The first chart shows six-month changes in seven real monetary aggregates (i.e. deflated by consumer prices, seasonally adjusted, not annualised). The changes are now positive for six of the seven measures, the exception being real M4, which continues to be depressed by a contraction of money holdings of economically-irrelevant “intermediate other financial corporations” (IOFCs). The generalised improvement partly reflects a slowdown in inflation but, in addition, nominal growth has risen in five of the six cases.

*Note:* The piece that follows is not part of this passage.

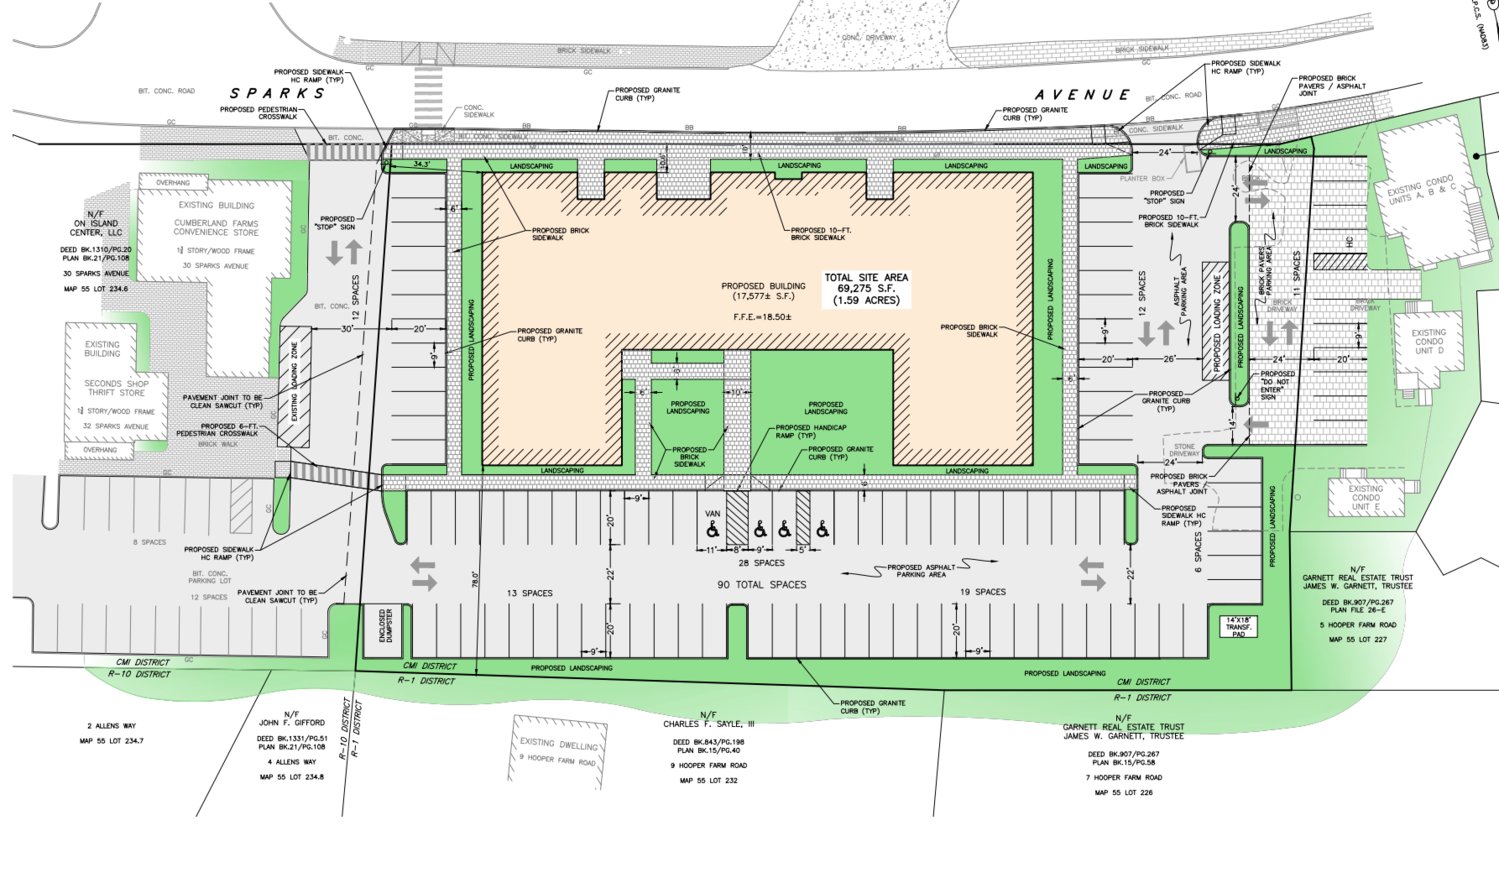 The most recent plan for the string of properties along Sparks Avenue across from the Stop & Shop calls for a single building stretching 60 feet along the street.

The second chart compares the two-quarter change in non-oil GDP with six-month changes in real broad and narrow money excluding volatile financial sector holdings (not just those of IOFCs). These measures contracted for much of 2011, thereby warning of recent economic weakness, allowing for the usual lag of about six months. June growth rates were the strongest since April and December 2009 respectively. This suggests that economic performance in late 2012 / 2013 will resemble that between mid-2009 and mid-2010, when non-oil GDP rose by an average 0.6% per quarter, or 2.3% annualised.

The monetary pick-up questions the necessity of the Bank’s additional stimulus measures since mid-year – these should further enhance economic prospects for 2013 but at the probable cost of creating “excess” liquidity that will distort asset prices and keep inflation elevated over the medium term.